From the first line to the last, copy the material exactly and leave the pictures out.

INFORMATION SUPPLIED =>
+ + + + + + +

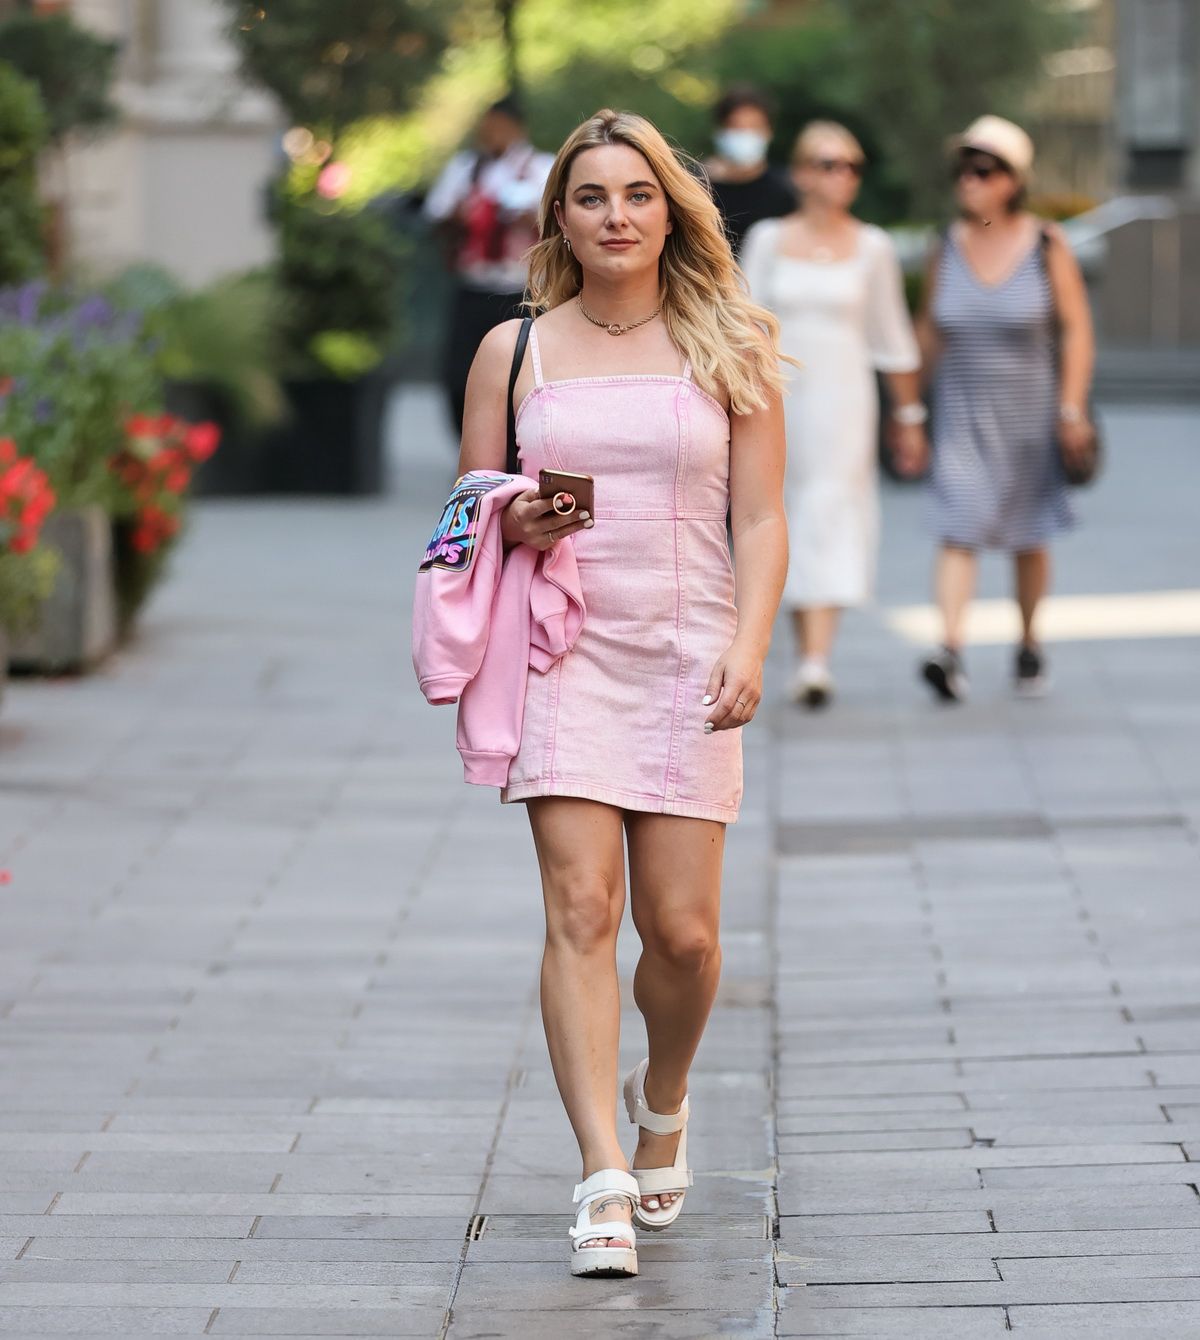 Sian Welby Pink Denim Mini Dress Out London
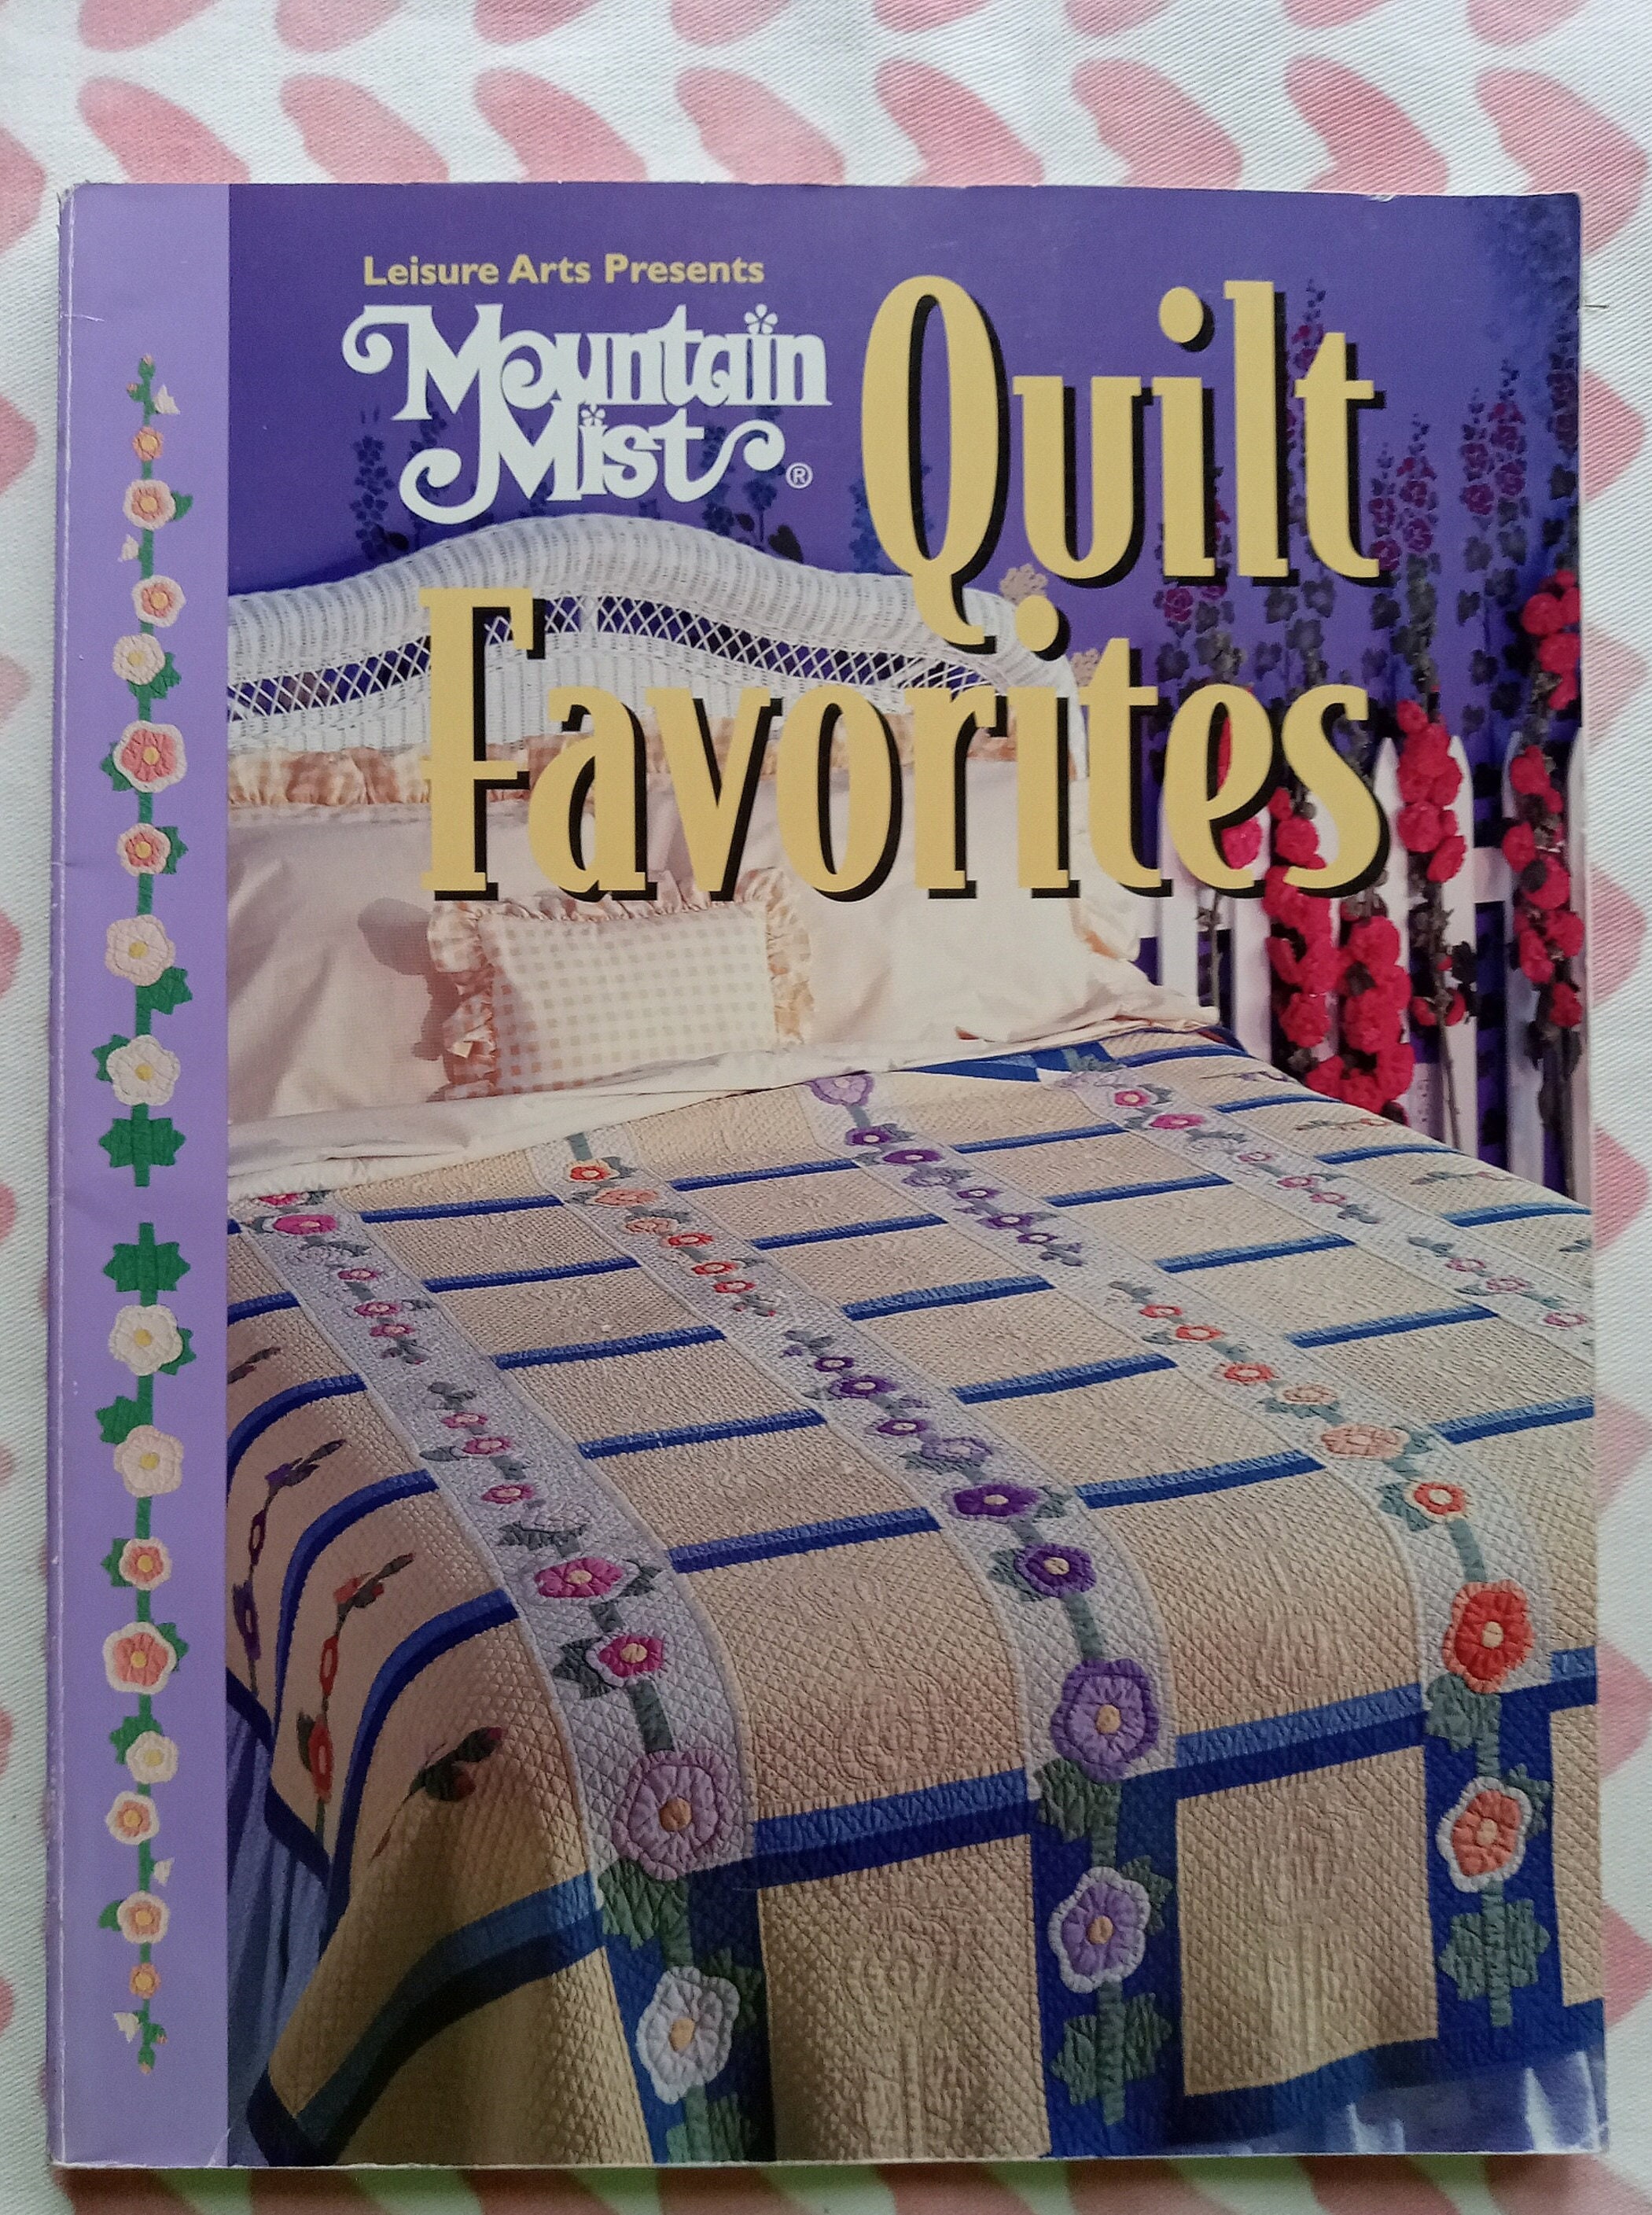 24 Pack Mountain Mist Quilt-Light Polyester Batting-Crib Size 45
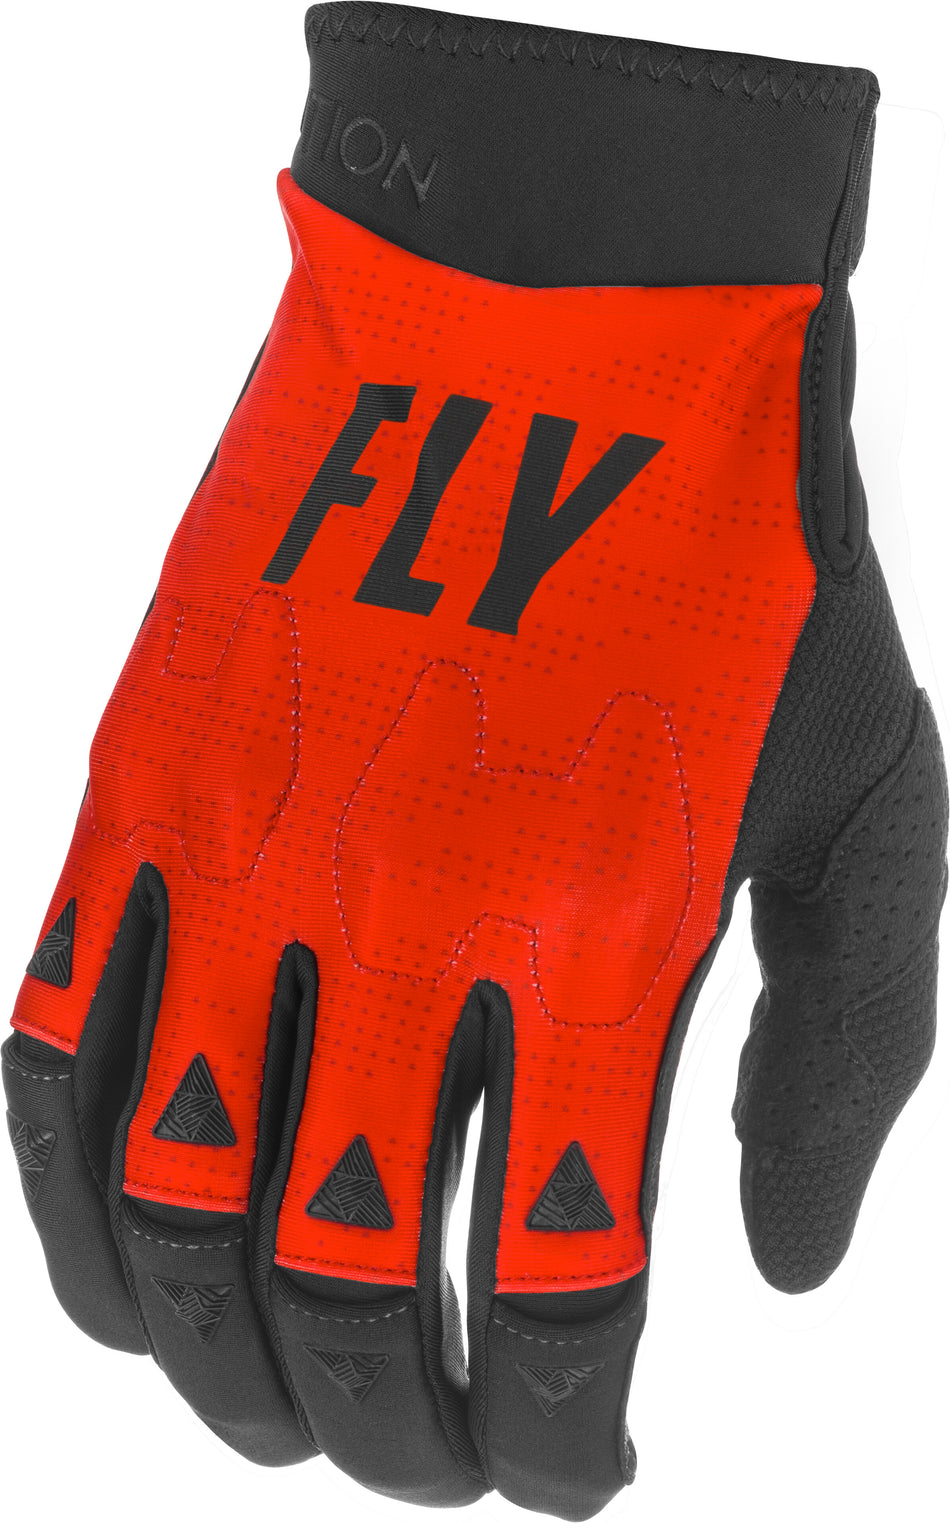 FLY RACING Evolution Dst Gloves Red/Black/White Sz 11 374-11211

+ + + + + + +

ANSWER FOR THE TASK =>
 Sian Welby Pink Denim Mini Dress Out London
 24 Pack Mountain Mist Quilt-Light Polyester Batting-Crib Size 45
 FLY RACING Evolution Dst Gloves Red/Black/White Sz 11 374-11211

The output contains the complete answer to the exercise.